According to the company’s website, the investment necessary to open a new Wienerschnitzel restaurant ranges between $303,600 and $1.4 million. Liquid capital of $250,000 is required, with a net worth of $600,000. Franchise fees range from $16,000 to $32,000, while initial training is $4,000.

“The new Hot Dogs for Profits incentive program significantly lowers the cost of entry for prospective franchisees eager to turn hot dogs into financial gains,” Ted Milburn, director of Franchise Development, said in a statement.

Wienerschnitzel marked its 12th consecutive year of same-store sales growth in 2022 and signed multi-unit franchise agreements in new markets including Arkansas, Boise, Idaho, Omaha, Nebraska, and Texas’ Rio Grande Valley. There are nearly 350 franchised Wienerschnitzel locations in operation throughout 10 states, with more than 50 units in various stages of development across the U.S.

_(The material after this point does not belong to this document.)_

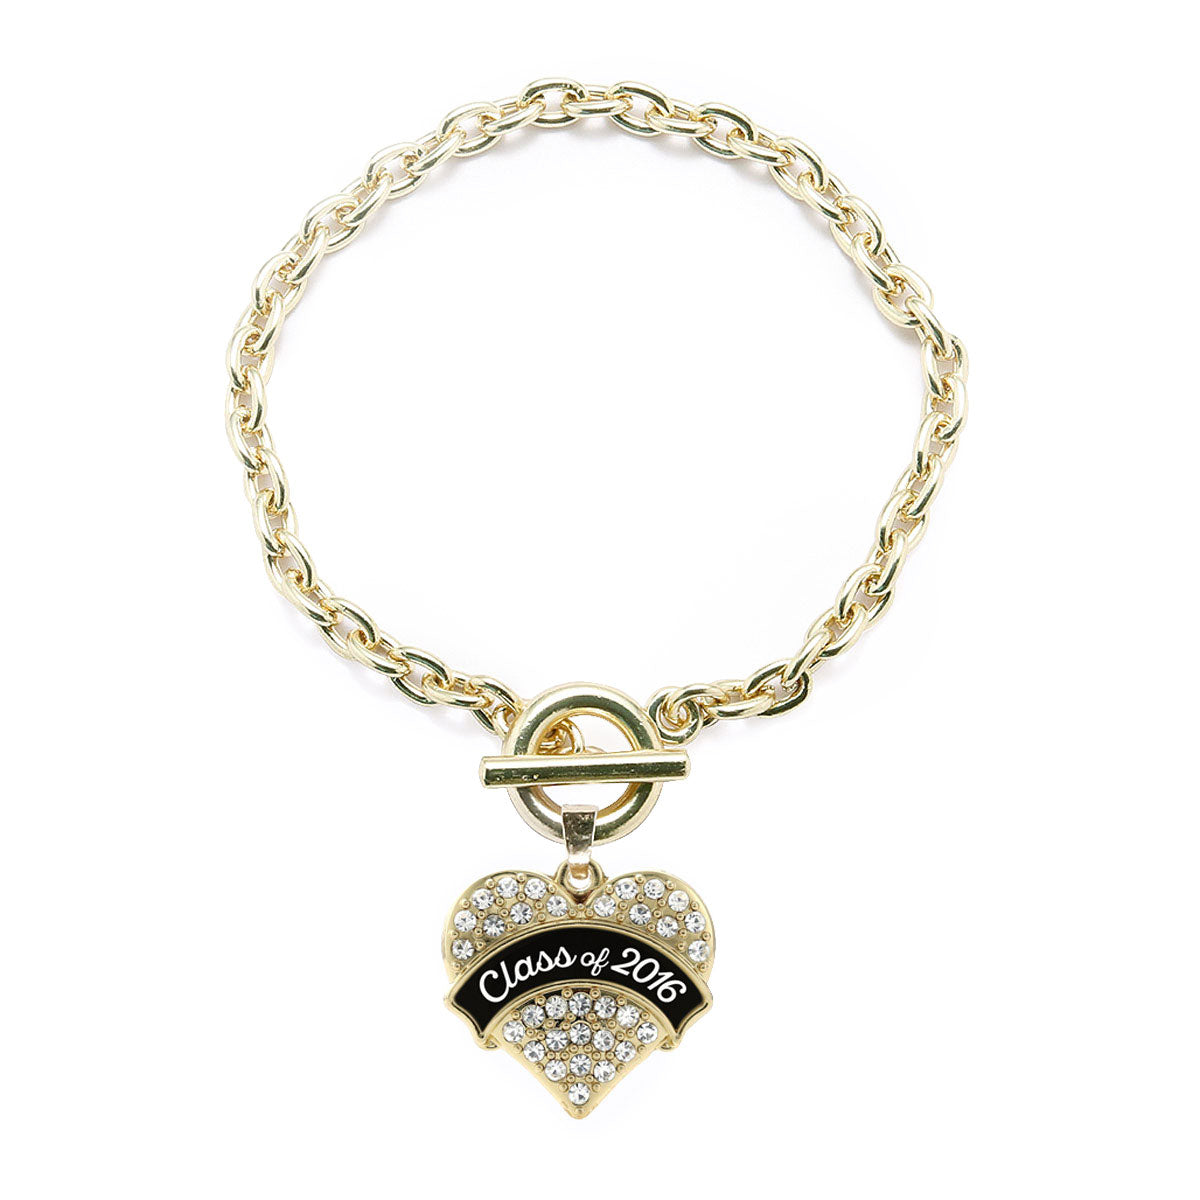 Gold Black and White Class of 2016 Pave Heart Charm Toggle Bracelet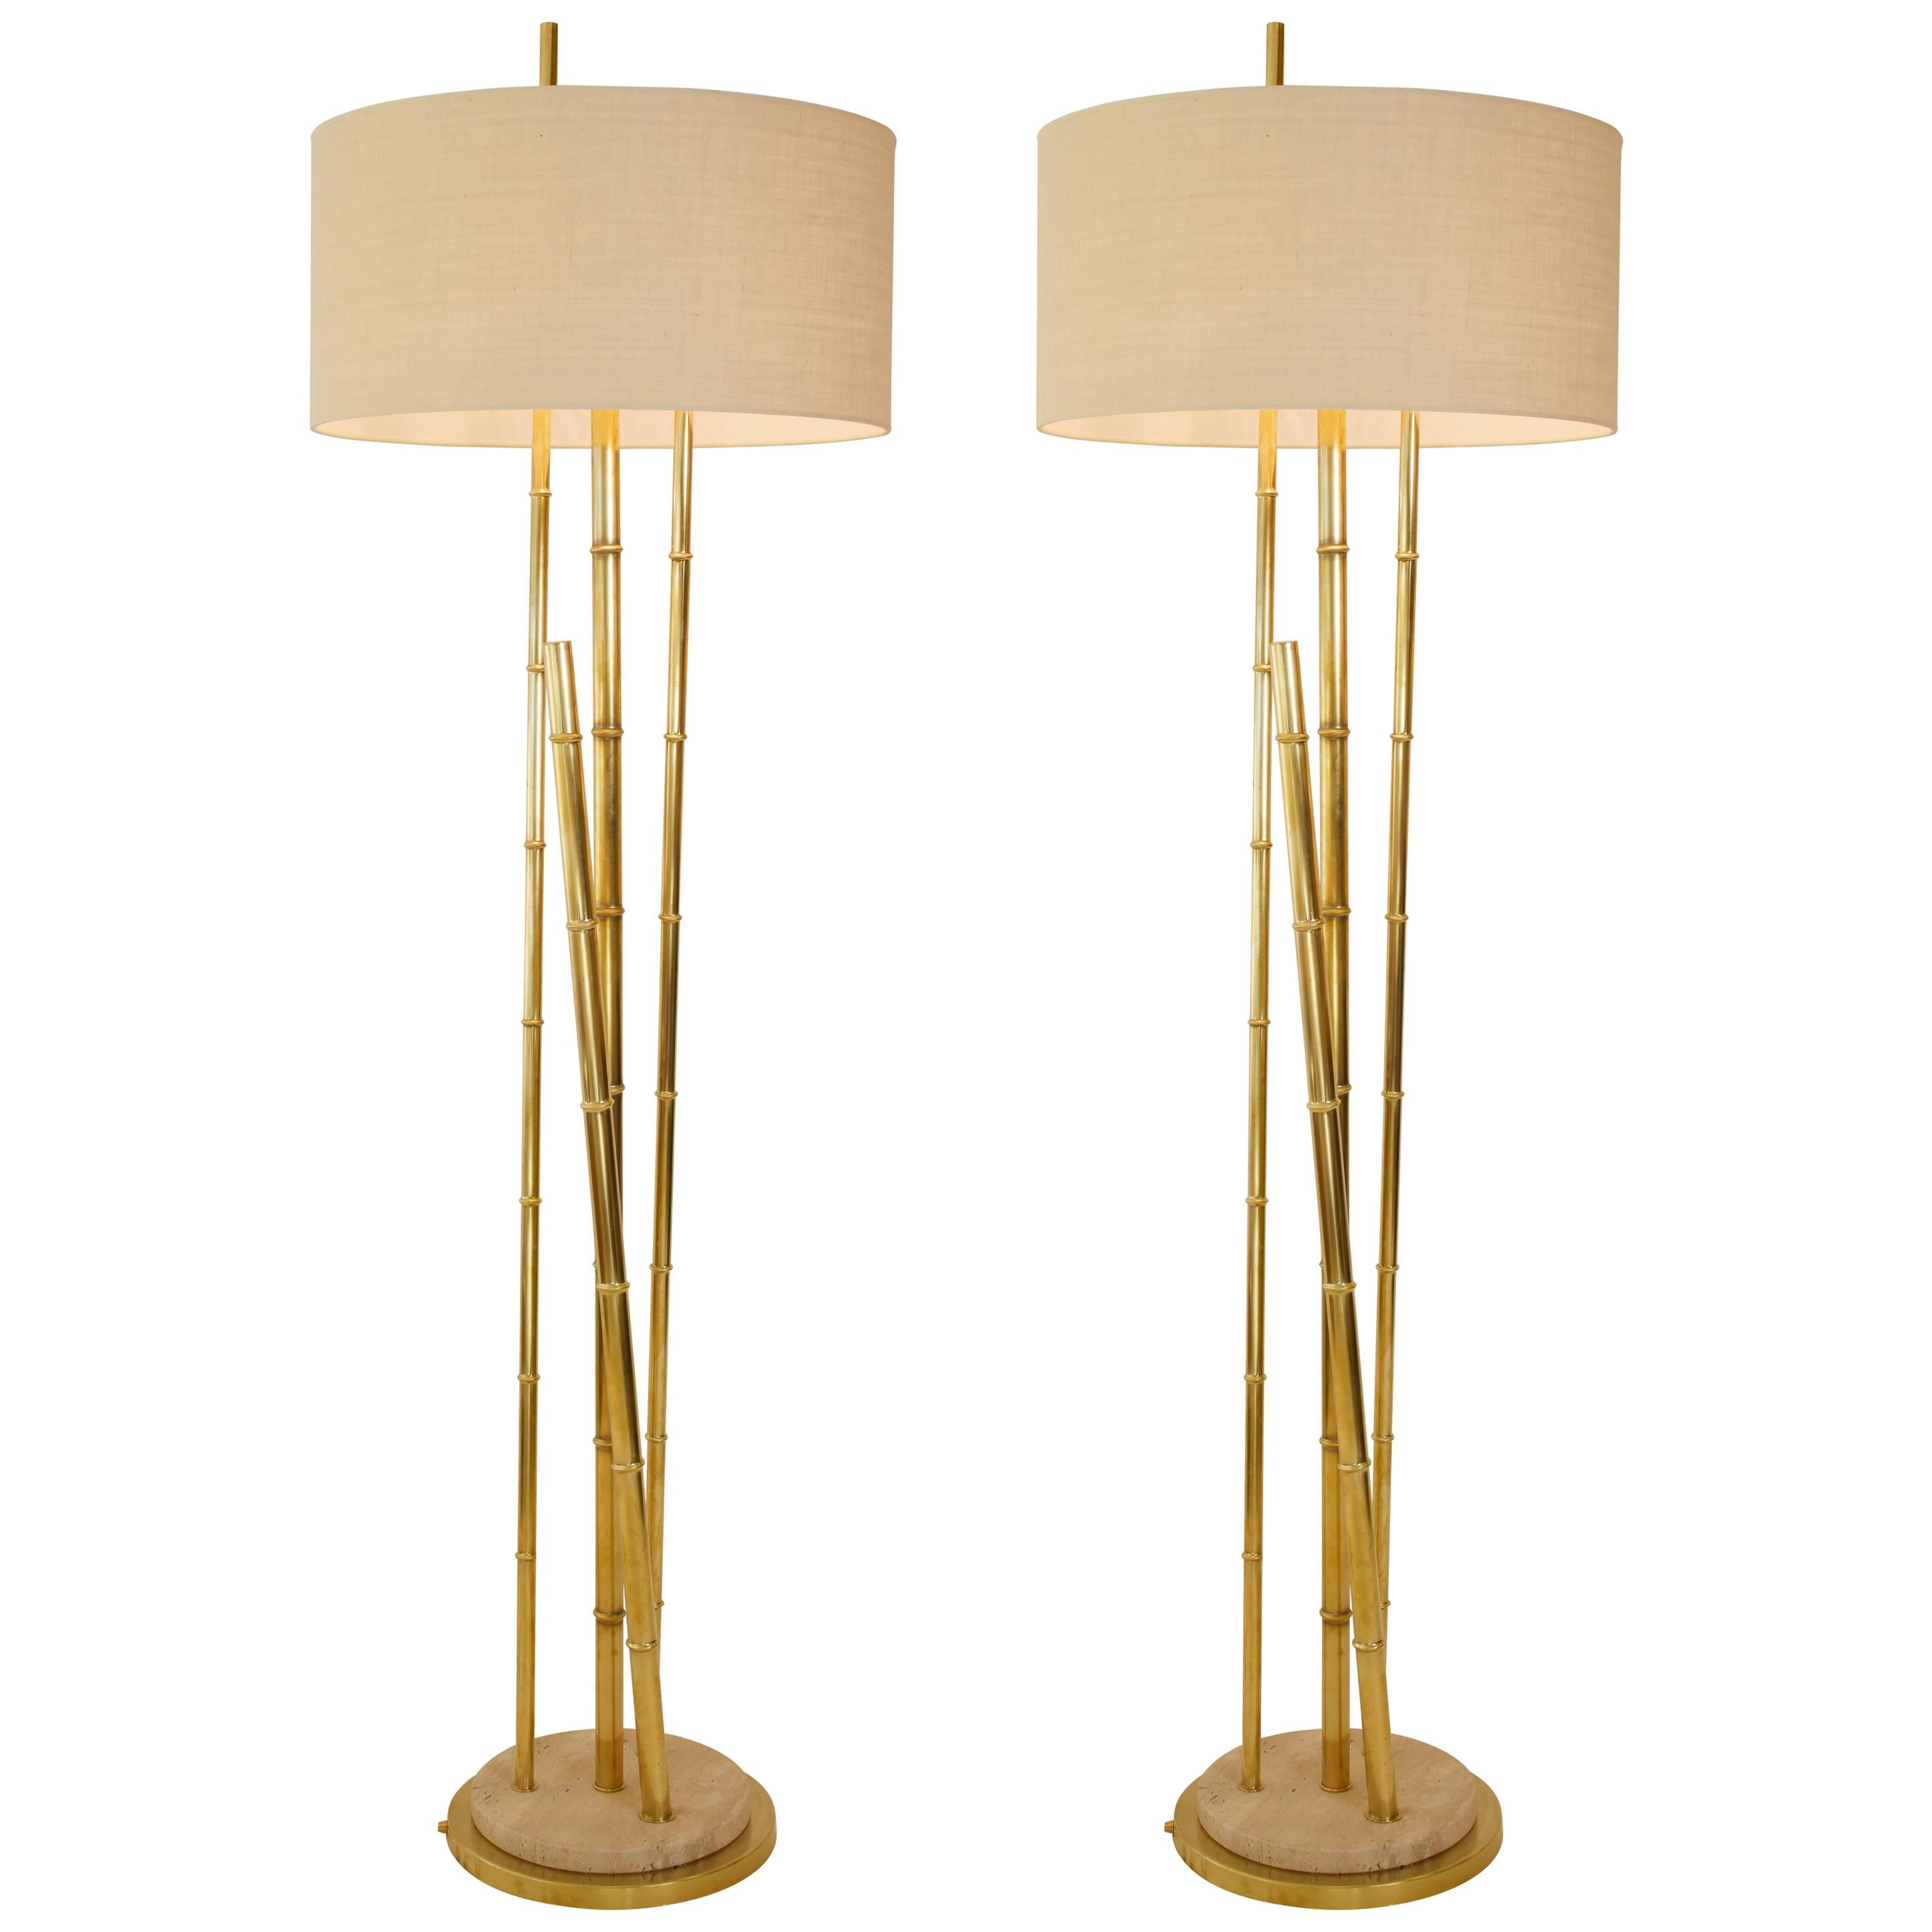 1970s French Pair of Brass Faux Bamboo Floor Lamps

Multi-unit incentive programs are becoming more common in the restaurant industry as franchising has grown during the pandemic while labor shortages have persisted. Incentives can differentiate brands in an increasingly competitive environment and, as is the case with Wienerschnitzel, help ease some of those labor cost burdens with training coverage. While Wienerschnitzel’s incentive program is for a limited-time only, CEO J.R. Galardi said in a statement that he expects it to help “usher in what is expected to be a history-making year for the brand” in terms of franchise growth and development.